As we have seen, Scheme uses cons to build lists. We now
consider a graphical way to represent the result of a cons
procedure. The basic idea is to use a rectangle, divided in half, to
represent the result of the cons. From the first half of the
rectangle, we draw an arrow to the first element of a list, its car; from
the second half of the rectangle, we draw an arrow to the rest of the list,
its cdr. When the cdr is empty, we draw a diagonal line through the right
half of the rectangle to indicate that the list stops at that point.

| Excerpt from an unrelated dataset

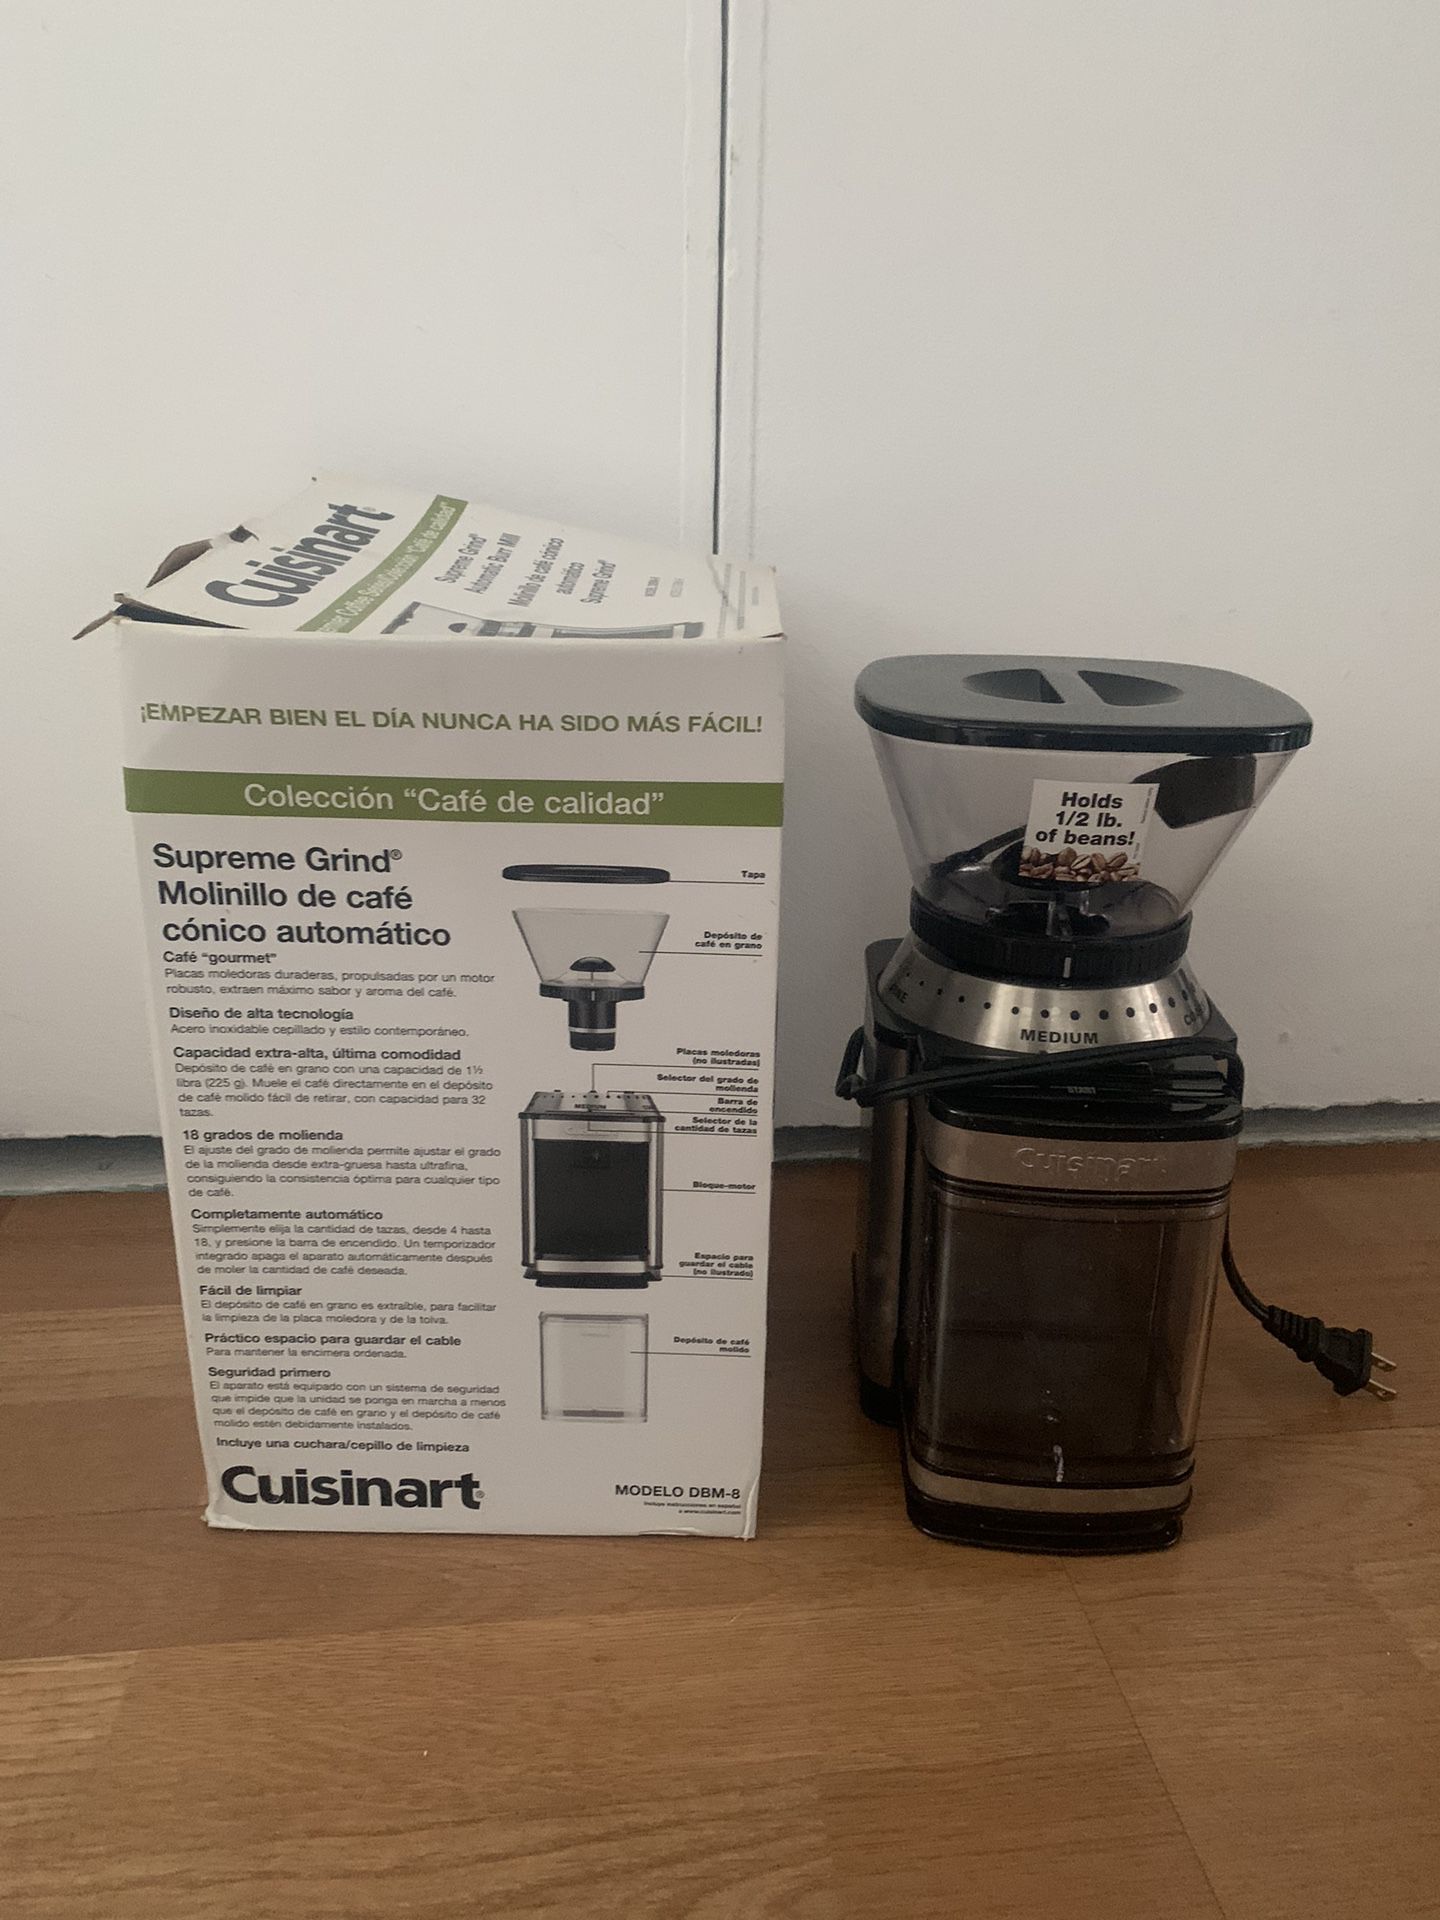 Cuisinart Coffee Grinder, Electric Burr One-Touch Automatic Grinder with18-Position Grind Selector, Stainless Steel, DBM-8P1

For instance, the value of the expression (cons 'a null) would
be represented in this notation as follows:
Since the value of the expression (cons 'a null) is the list
(a), this diagram represents (a) as well.
Now consider the value of the expression (cons 'b (cons 'a
null)) -- in other words, the list (b a). Here, we
draw another rectangle, where the head points to b and the
tail points to the representation of (a) that we already have
seen. The result is:
Similarly, the list (d c b a) is the value of the expression
(cons 'd (cons 'c (cons 'b (cons 'a null)))) and would be drawn
as follows:
A similar approach may be used for lists that have other lists as elements.
For example, consider the list ((a) b (c d) e). This is a
list with four components, so at the top level we will need four
rectangles, just as in the previous example for the list (d c b
a). Here, however, the first component designates the list
(a), which itself involves the box-and-pointer diagram already
discussed. Similarly, the list (c d) has two boxes for its
two components (as in the diagram for (b a) above). The
resulting diagram is:
Additional discussion and examples may be found in the first few pages of section 11.3 of the textbook.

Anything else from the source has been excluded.